Miscellaneous: Why It's Called The Golden Gate

Driving north from San Francisco yesterday I had an opportunity to gaze at the waters between San Francisco and the Marin Headlands, just before sunset. I imagined this place was given the name "Golden Gate" because San Francisco was the gateway to the gold fields during the 19th century California Gold Rush, but I had a simultaneous feeling the name may have preceded gold fever--that this view of the straits bathed in golden light was the source of the name.

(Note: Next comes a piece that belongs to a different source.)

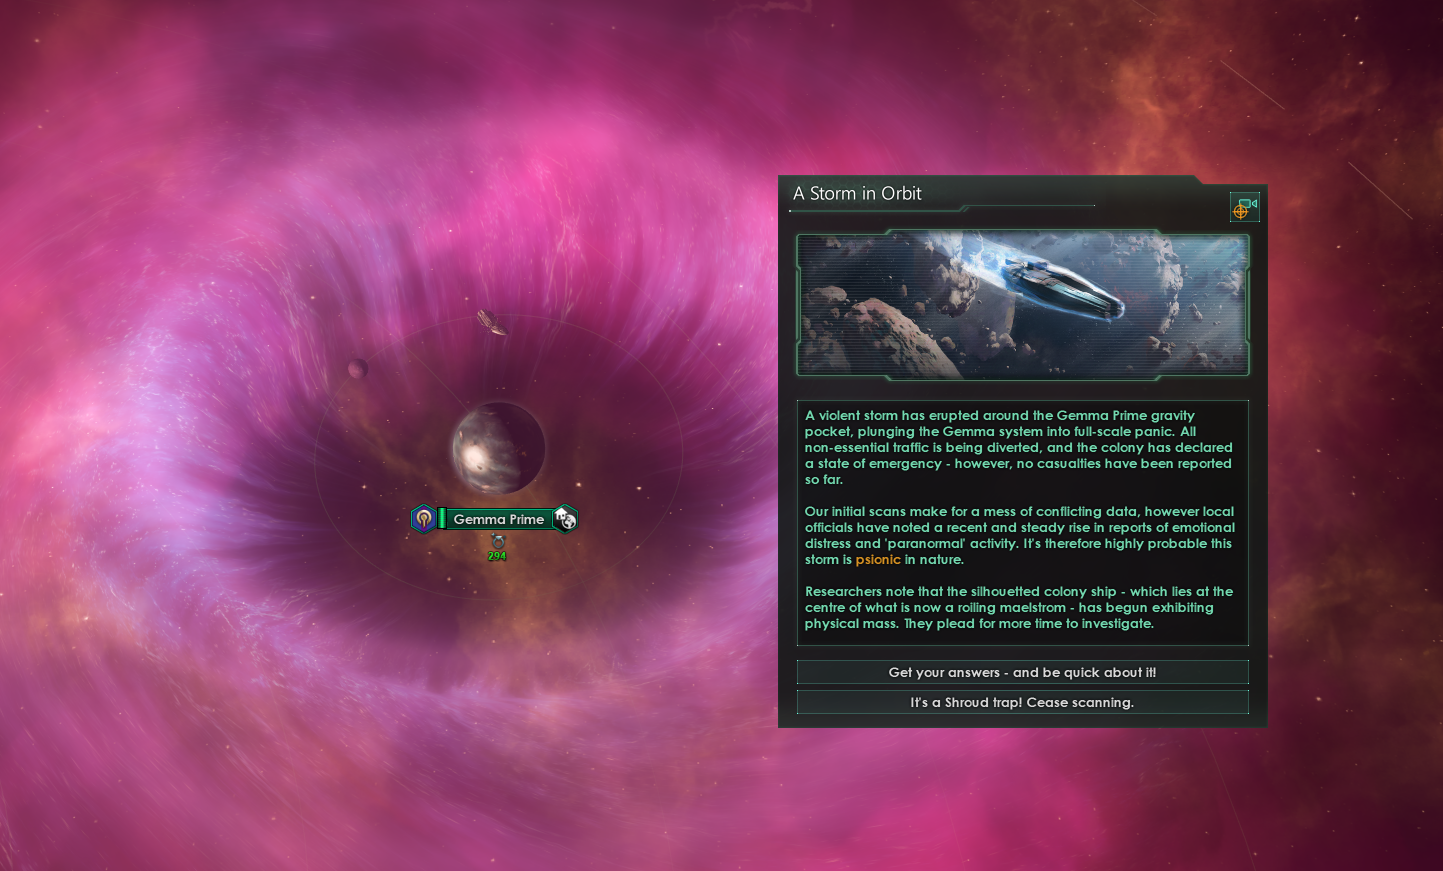 A violent pink haze surrounds the gravity well of an ocean world named Gemma Prime. An event entitled 'A Storm in Orbit' describes a state of emergency, and signs that this disturbance is psionic in nature. The player is given options to investigate the silhouette of a stricken colony ship — with haste — or else ignore the Shroud at this time.

Naturally, I looked it up. According to the website of the Golden Gate Bridge Highway & Transportation District, it was Captain John C. Fremont who gave the strait its name, the name we now associate more closely with the bridge across the strait, but he is said to have been inspired not by the view at sunset (or yet-to-be-discovered gold), but by the potential for trade with the East that San Francisco's harbor seemed to represent. He is quoted in 1846 calling the strait "a golden gate to trade with the Orient." According to the same source, the name first appeared in print "in Fremont's Geographical Memoir, submitted to the U.S. Senate on June 5, 1948" [sic--no doubt 1848 was intended]. So, gold, meaning the potential rewards of trade, but surely this view and then the Gold Rush--shortly after Fremont spoke about trade potential--have played a role in associating San Francisco forever with gold. In any case, the name seems wholly appropriate when you see the water gilded by the sun like this, just as golden brown, dormant grasses--in summer the main feature of our natural landscape--seem justification enough for calling California The Golden State.

The bridge, at my back, was visible through light fog.